Native Qwen3 Support with Strong Zero-Shot Tool Use
Qwen3 models demonstrate exceptional out-of-the-box tool-calling ability, even without supervised fine-tuning. RLFactory leverages this by providing native support for Qwen3-4B and Qwen3-8B, allowing immediate RL post-training. Benchmarks show Qwen3 consistently outperforms Qwen2.5 in tool-use accuracy, making it a compelling base for agentic applications.
Practical Use Cases
RLFactory excels in scenarios requiring multi-turn, tool-augmented reasoning, such as:
- Search Agents: Reproduce the DeepSearch setup with one-click training using Qwen3 and a search tool config.
- Travel Planners: Chain flight, hotel, and weather APIs across multiple turns to build itineraries.
- Data Analysts: Let LLMs query databases, run code, and visualize results iteratively.
- Android Automation: Version 0.2 adds Android OS environment support, enabling phone-based agent training.
Crucially, all these use cases start from the same minimal template: define your tools, define your reward, run a script.
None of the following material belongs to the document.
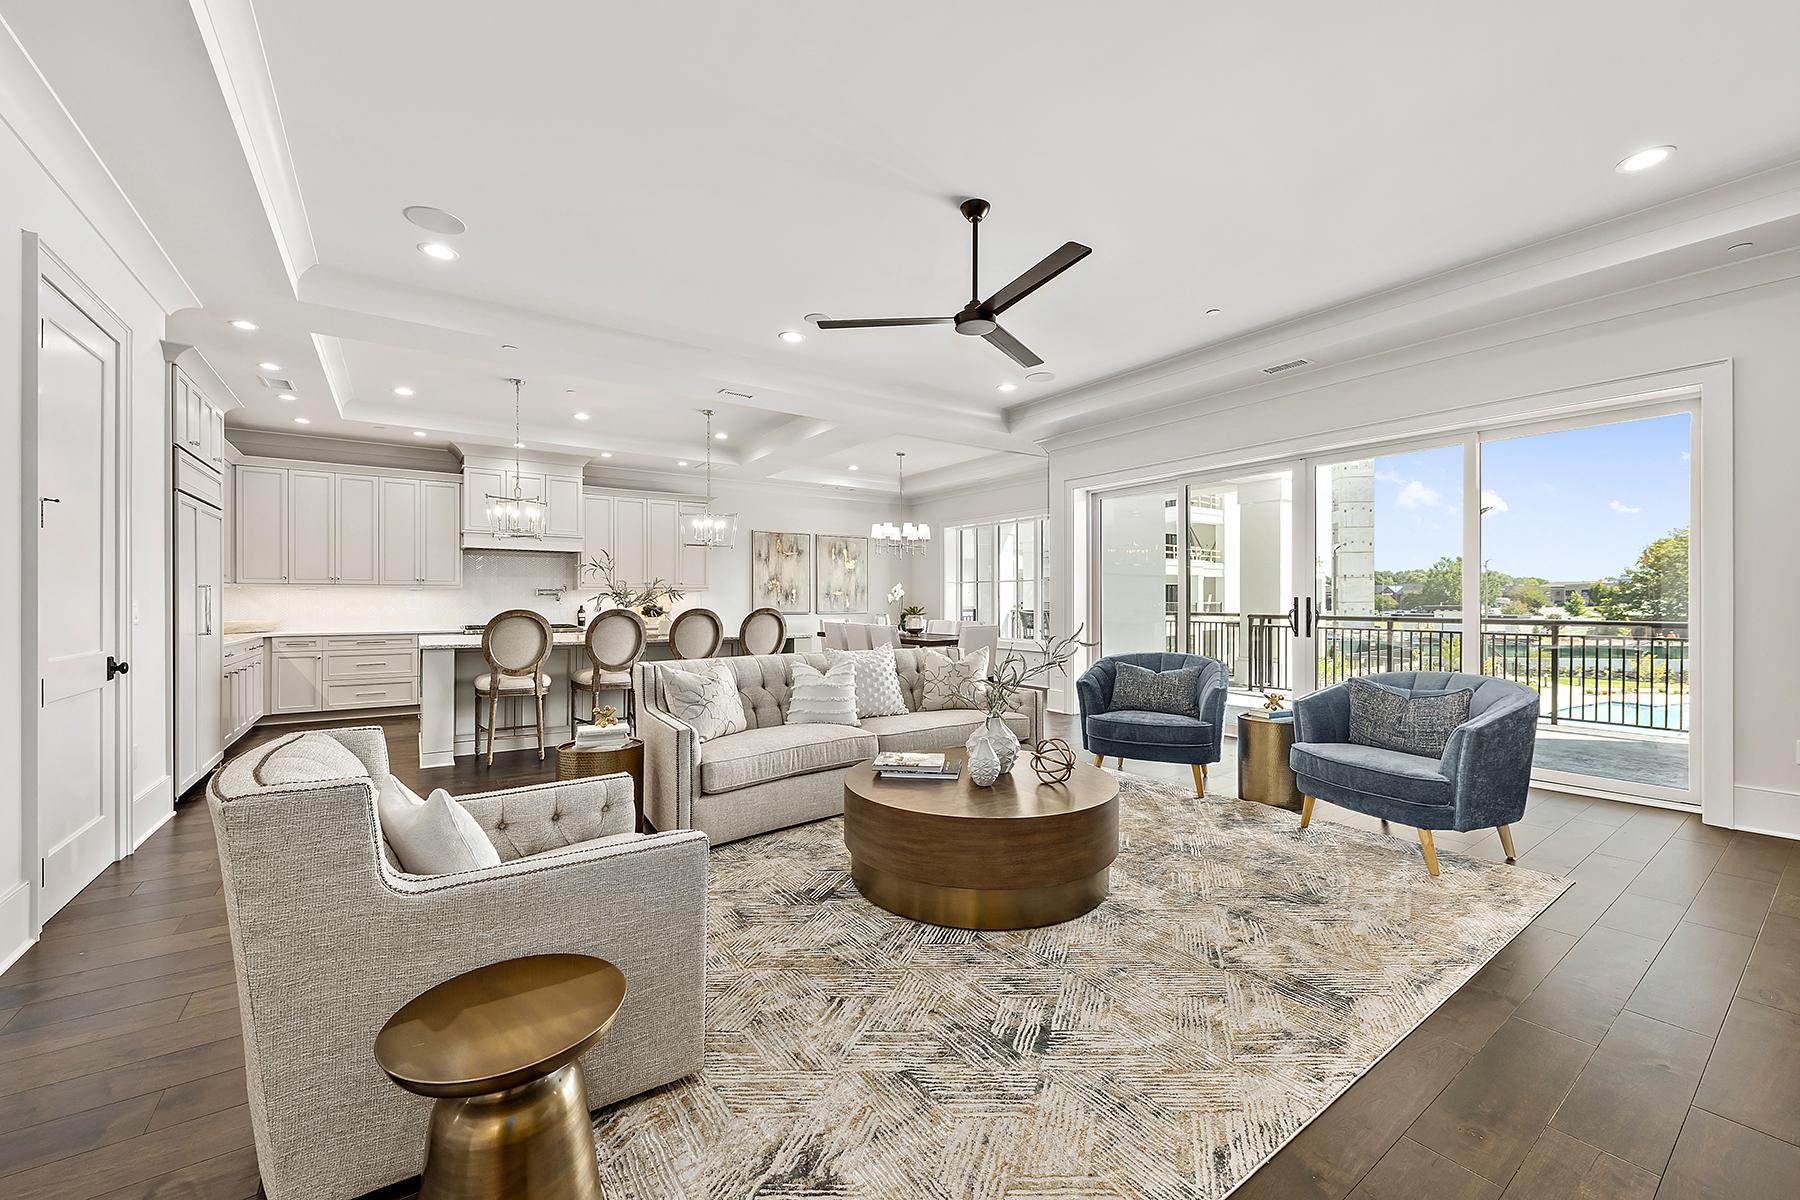 Condominiums 为 销售 在 19329 Watermark Dr , 531, 科尼斯厄斯, 北卡罗来纳州 28031 美国

Getting Started Is Deliberately Simple
The user workflow is intentionally lightweight:
- Install dependencies (Python ≥3.10, CUDA ≥12.0, vLLM ≥0.8.3)
- Provide a tool config (YAML or JSON) and a reward function (Python)
- Run
bash main_grpo.sh(with paths to your base model and reward model) - Evaluate with
bash main_eval.sh
No need to modify RL loops, rollout workers, or policy networks. RLFactory handles the infrastructure—so you focus on what your agent should do, not how to train it.
The framework also includes a full reproduction example for Search-R1 in docs/rl_factory/main_tutorial.md, making it easy to validate setup before building your own agent.
Current Limitations and Roadmap
While powerful, RLFactory has some constraints to consider:
- Model support: Officially tested and optimized for Qwen3 models. Support for Llama, Deepseek, and others is planned (tracked in GitHub issues #5).
- Feature maturity: The WebUI, multimodal agent training, and Android environment are under active development in v0.2.
- Hardware requirements: Requires modern GPUs (A100 or equivalent) and CUDA 12.0+ due to dependencies like vLLM and FlashAttention.
That said, the core framework is stable, well-documented, and already delivers measurable efficiency and performance gains over prior approaches.
Summary
RLFactory lowers the barrier to training capable, multi-turn tool-using LLM agents. By decoupling environment logic from RL infrastructure, enabling asynchronous tool calls, and supporting flexible reward signals, it solves real-world bottlenecks in agentic learning. With strong out-of-the-box performance on Qwen3 and a minimal-code workflow, it’s an ideal choice for researchers and engineers who want to build and iterate on LLM agents—fast, without becoming RL experts.